Henceforth, the Control Center dashboard provides everything you need to know about network activity and security issues. Graphs provide a clear visual overview of web traffic and network attacks, plus blocked and allowed applications and web categories. The User and Device Insights section keeps track of activity in modules such as SSL inspection, advanced threat protection and zero-day protection, and clicking on an icon takes you directly to a more detailed report.
Remote management comes into play too, via the Sophos Central portal. After we’d registered the appliance with our account, we were able to bring up live reports in a web browser, and to access the appliance’s Control Center console remotely for full configuration.
Businesses with home workers will love the Synchronised Security feature, which extends firewall protection to remote systems running the Sophos Intercept X endpoint agent. A heartbeat service monitors and automatically isolates any that are compromised, while the application control feature detects unknown applications running on endpoints and pushes out firewall policies to secure them.

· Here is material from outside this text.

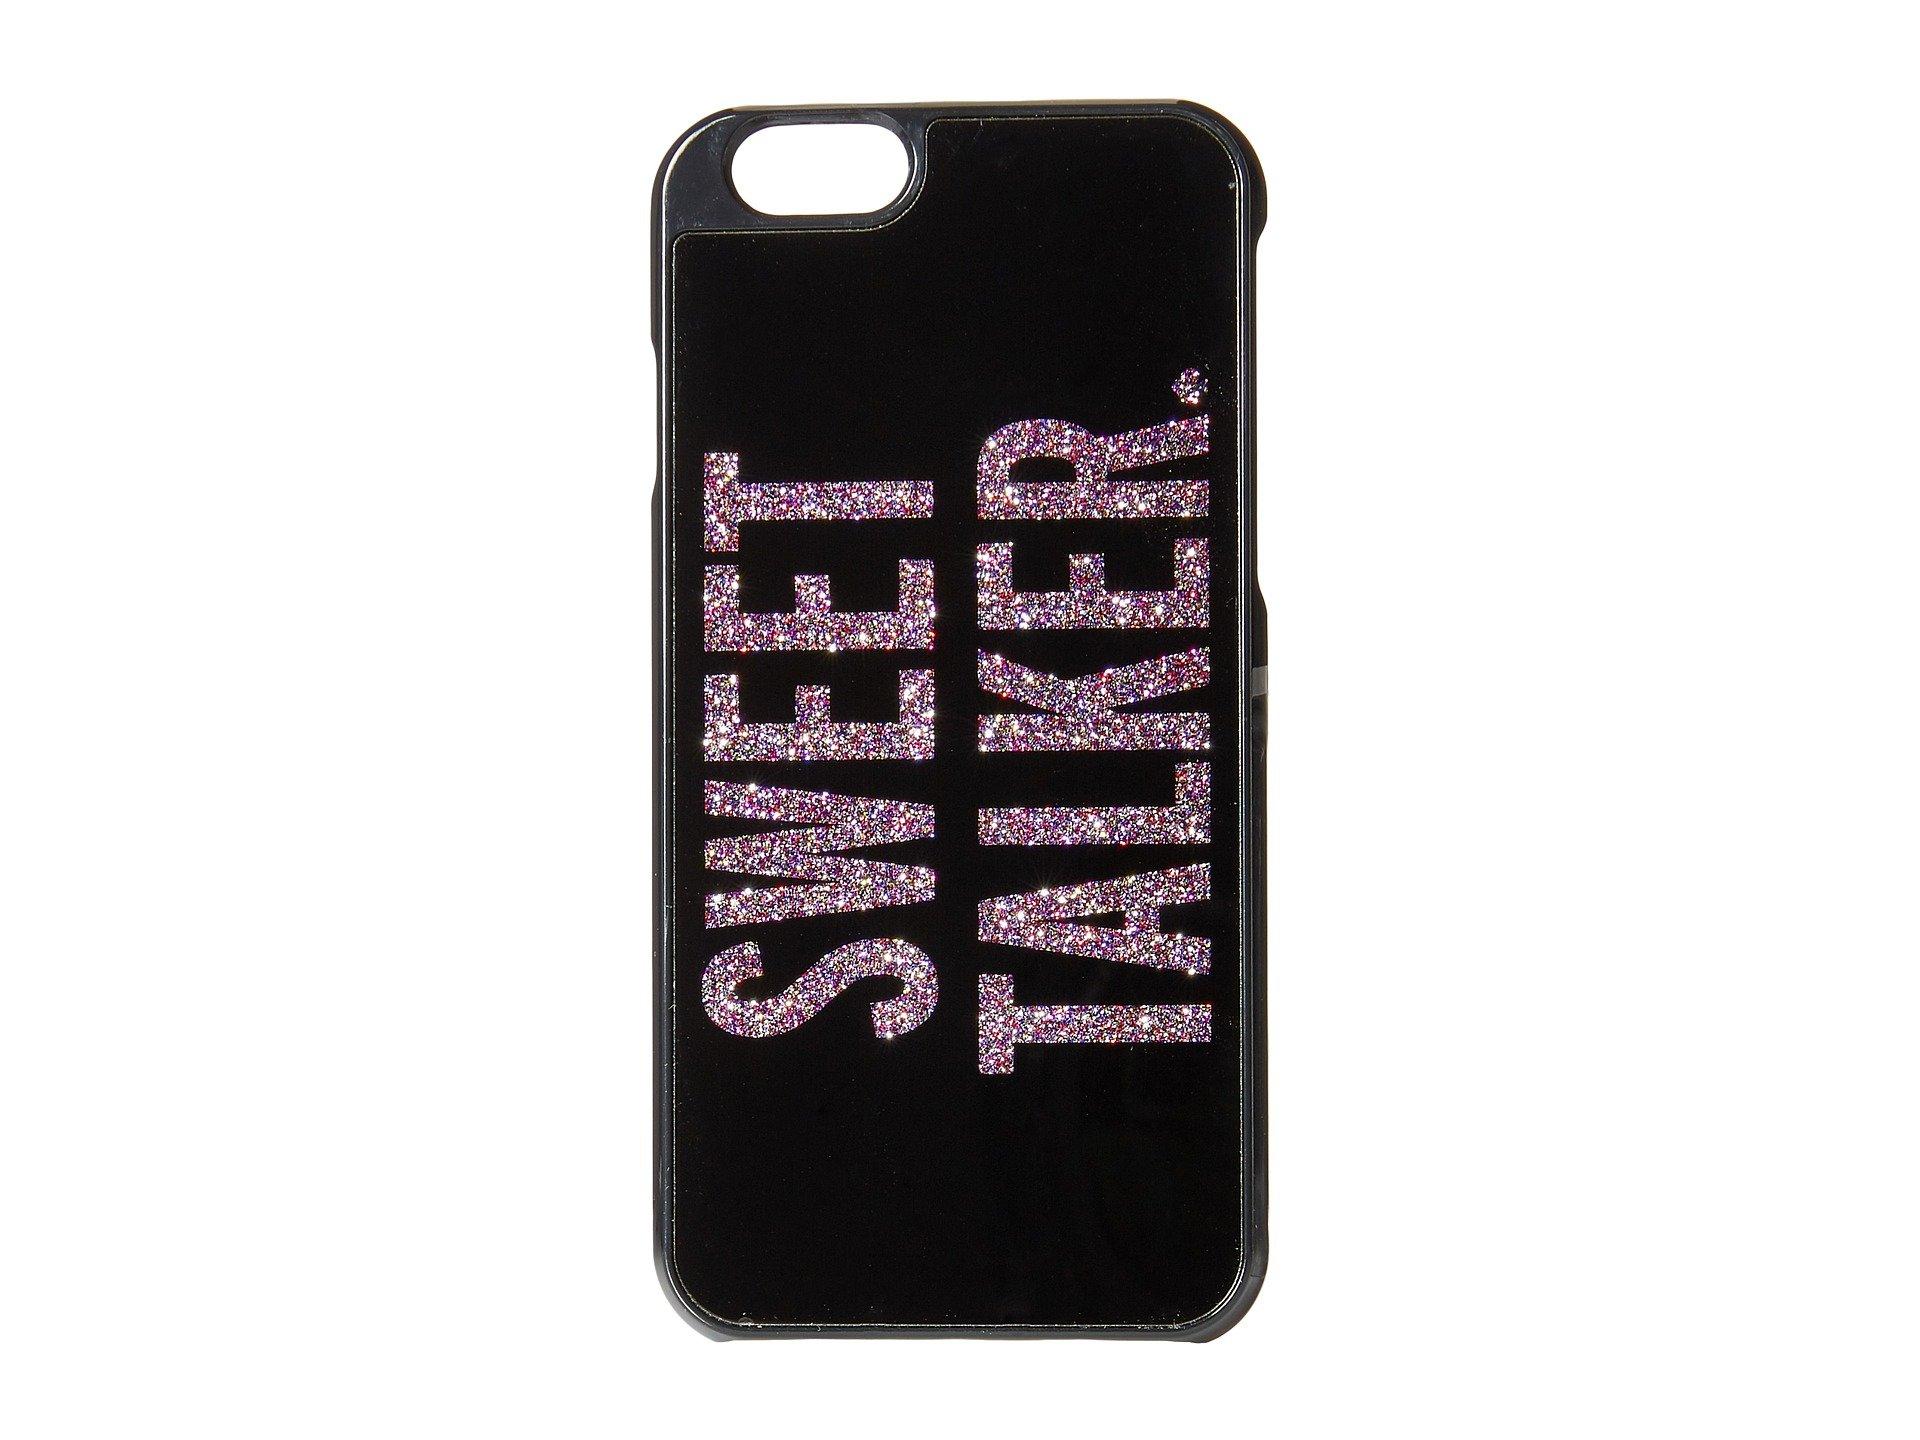 Accesorio para el Celular Kate Spade New York Sweet Talker Resin Phone 6 Case  + Kate Spade New York en VeoyCompro.net

All of this is controlled via policies that bring together firewall rules, service filters, schedules and specific settings for intrusion detection, email, applications and web filtering. That last feature is particularly impressive: the appliance comes with predefined settings to get you started, but you can choose to block or allow sites in over 90 categories. Application controls are equally extensive, with more than 3,500 predefined filters supplied, including 12 for Twitter and 73 for Facebook, so you can finely control social networking in the workplace.
A new filtering feature in the latest firmware also makes it easy to find specific rules within complex policies, and lets you reset traffic counters to zero with a click – a big improvement on the previous release, which required a reboot.
All told, the XGS 116 delivers strong gateway security measures at a great price. It has the power to cope with high demand, and the integration with Sophos’ endpoint security software will appeal to businesses that want to extend their protection to home workers.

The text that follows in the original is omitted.